Sri Lankan military officers were visiting shelters across the eastern part of the country advising people it was time to go home and start rebuilding their lives.
Nothing indicated a wide-scale evacuation of relief centers was under way in Sri Lanka, which was the second hardest-hit nation after Indonesia, with more than 30,000 people dead and about 800,000 displaced by the Dec. 26 tsunami.
But the aid agency Oxfam also said it plans to speed up its work aimed at helping people rebuild their lives, since many Sri Lankans are eager to return home.
"This fast-tracking of the rehabilitation phase is unusual after a disaster, but it is clearly required and desired in this particular situation," Oxfam's program coordinator Raphael Sindaye said in a statement in the capital, Colombo.
"It is clear that many people are already wanting to return to their homes, or what is left of their homes, and try to start rebuilding their lives. This is despite the real fear many have that the tsunami could strike again," he added.
Most of Nasuvantivu, about 20 miles north of Batticaloa, eastern Sri Lanka's main town, is set back several hundred yards from the seashore, and even some flimsy looking bamboo structures survived. But some people lost everything.

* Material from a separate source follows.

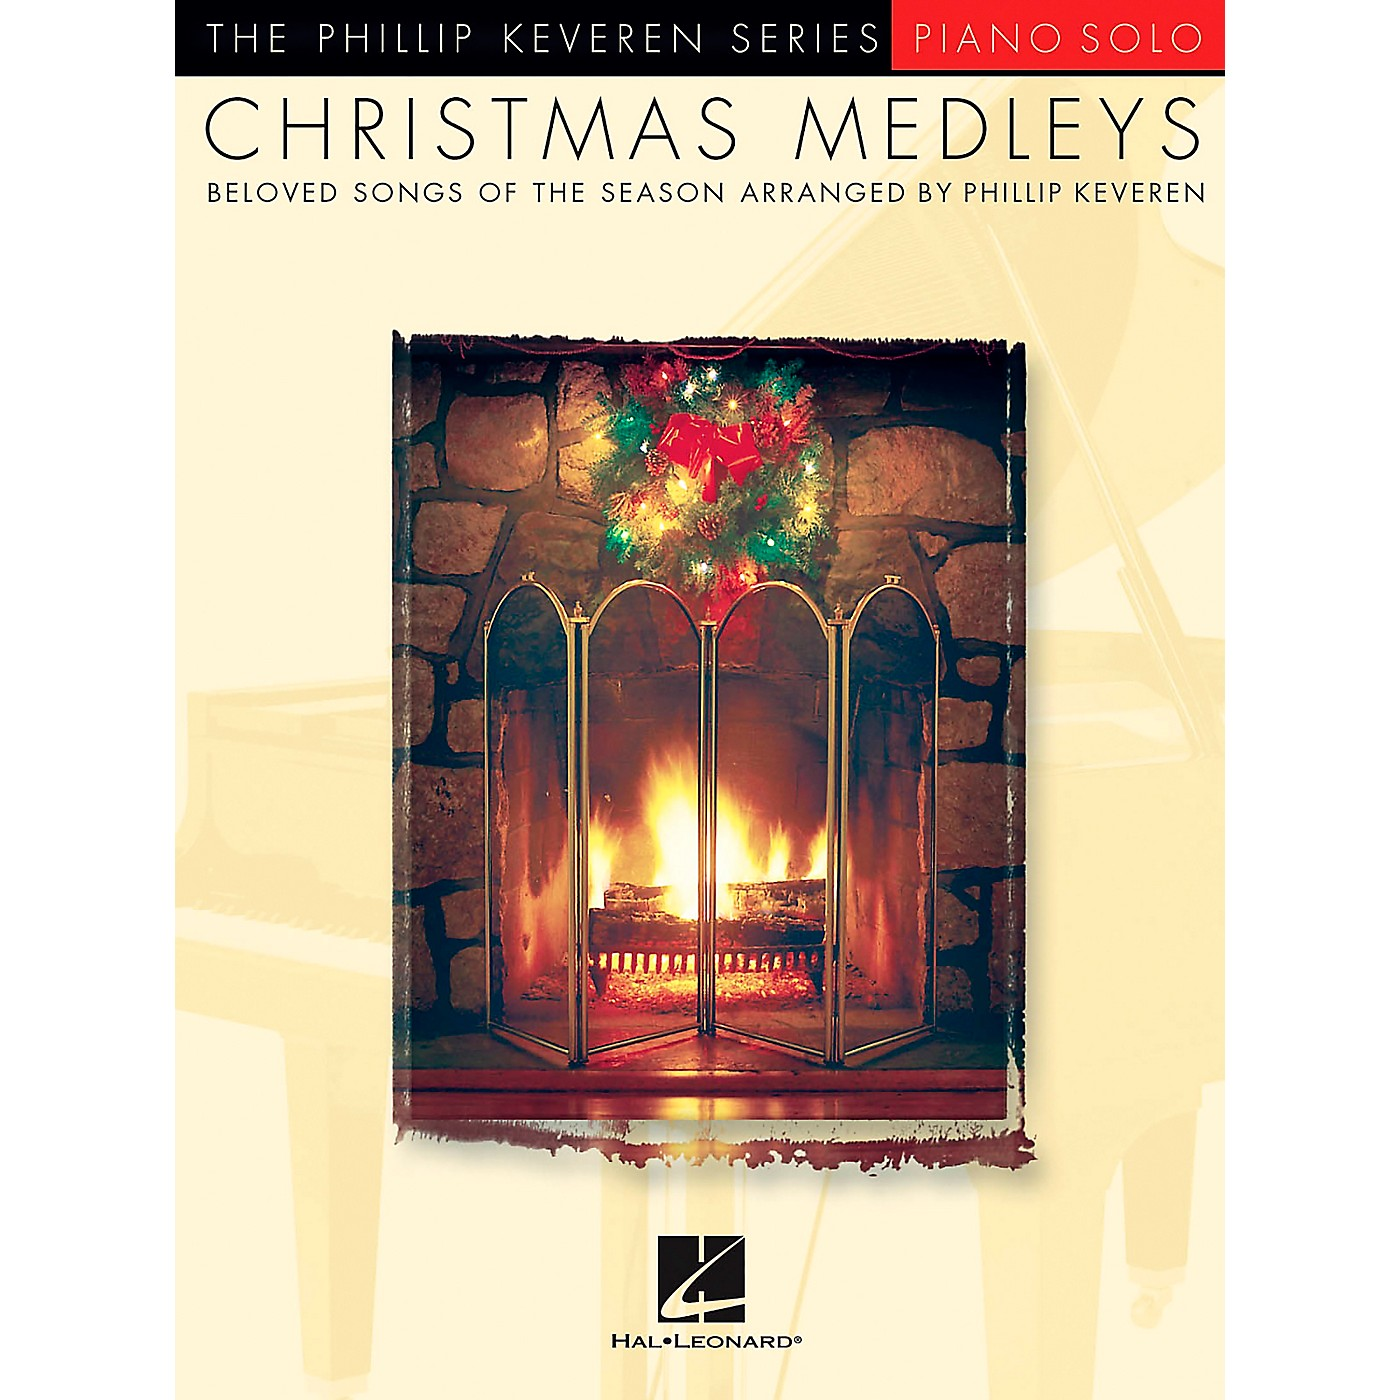 Hal Leonard Christmas Medleys - Piano Solo By Phillip Keveren Series thumbnail
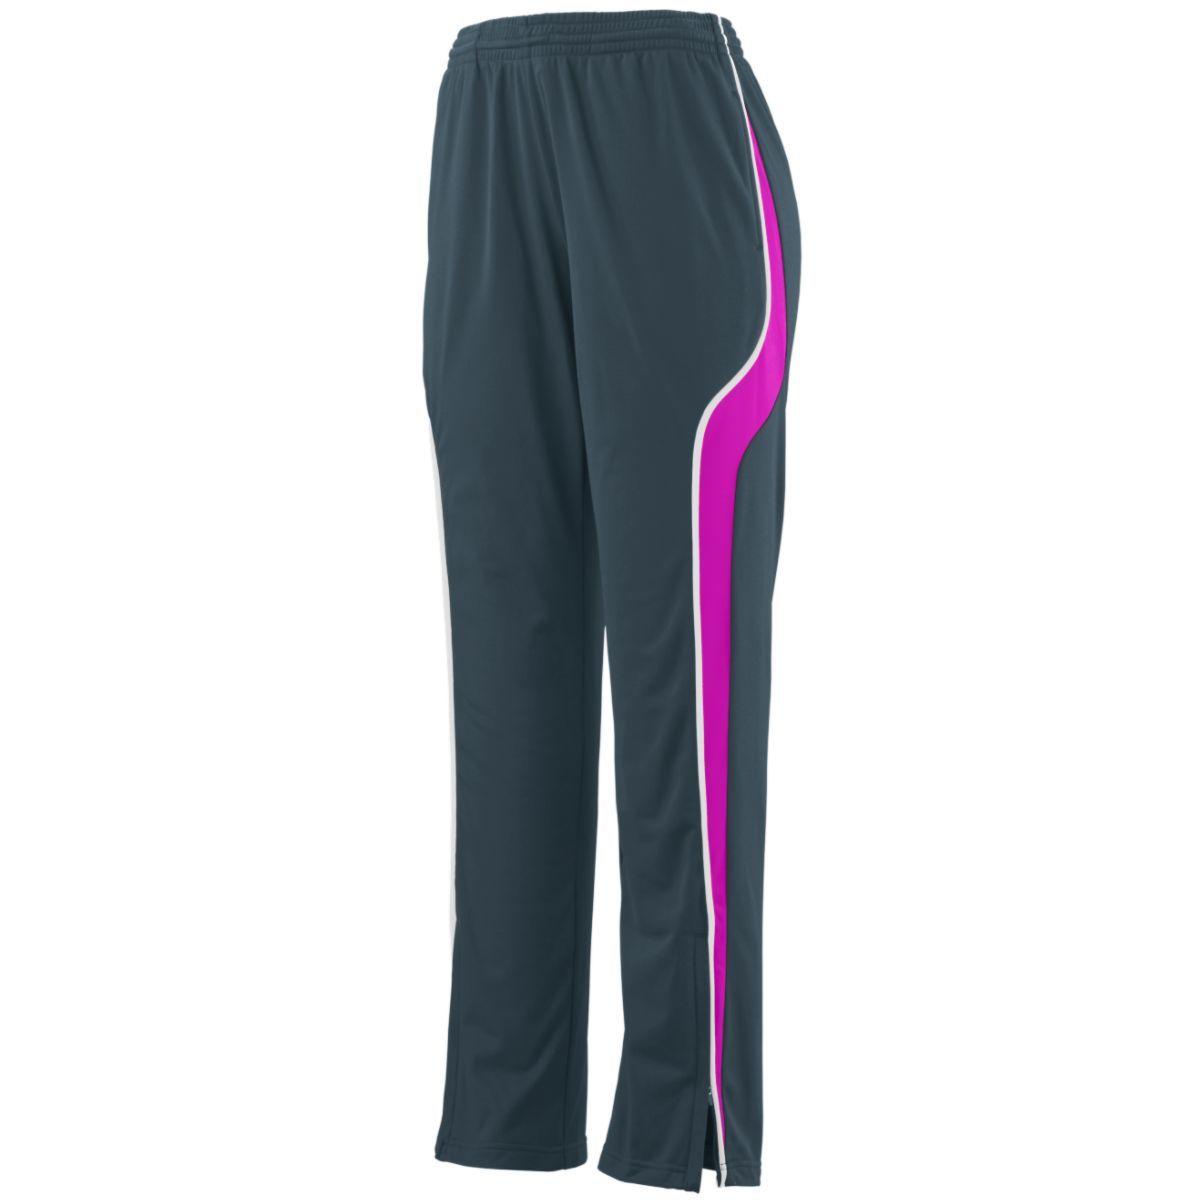 Ladies Rival Pant - SLATE/POWER PINK/WHITE

Subramaniam Nadarasa's solid brick structure, set amid towering coconut trees on the sandy beach, was stripped to its cement floor. Blocks of the blue-painted walls were broken off and scattered dozens of yards away. One pot and a crumpled blue bicycle were all that remained of his possessions.
When the wave hit, Nadarasa scrambled up a tree, but his 14-year-old daughter fell from his arms into the roiling water. He later found her body and buried her.
About 400 thatched fishermen's huts had been clustered on the same beach under the palms, he said, but on Wednesday there wasn't a trace of them. The water had reached a depth of about 8 feet, he said, pointing to a branch on a tree as the marker.
Further inland, where most villagers lived, the water left a stain on the red brick houses about 4 feet from the ground.
A woman who called herself Rosa Amma, or Mother Rose, trudged slowly up the dirt paths and across the narrow causeways over a marshy lagoon that led to her thatched house. She looked far older than her 38 years and complained of heart problems.
Repeatedly breaking down into tears, Rosa Amma said two of her children and her sister died when the tsunami smashed the church where they were attending Sunday prayers.
"I'm very afraid to stay here. If it comes again, I won't have the strength to run away," she said.
Basic food, water and clothing have been flowing to refugee centers from United Nations (news - web sites) agencies, international charities and government warehouses. Authorities say aid has reached all but a few pockets.
But the facilities are overcrowded, unsanitary and potential breeding grounds for contagious diseases.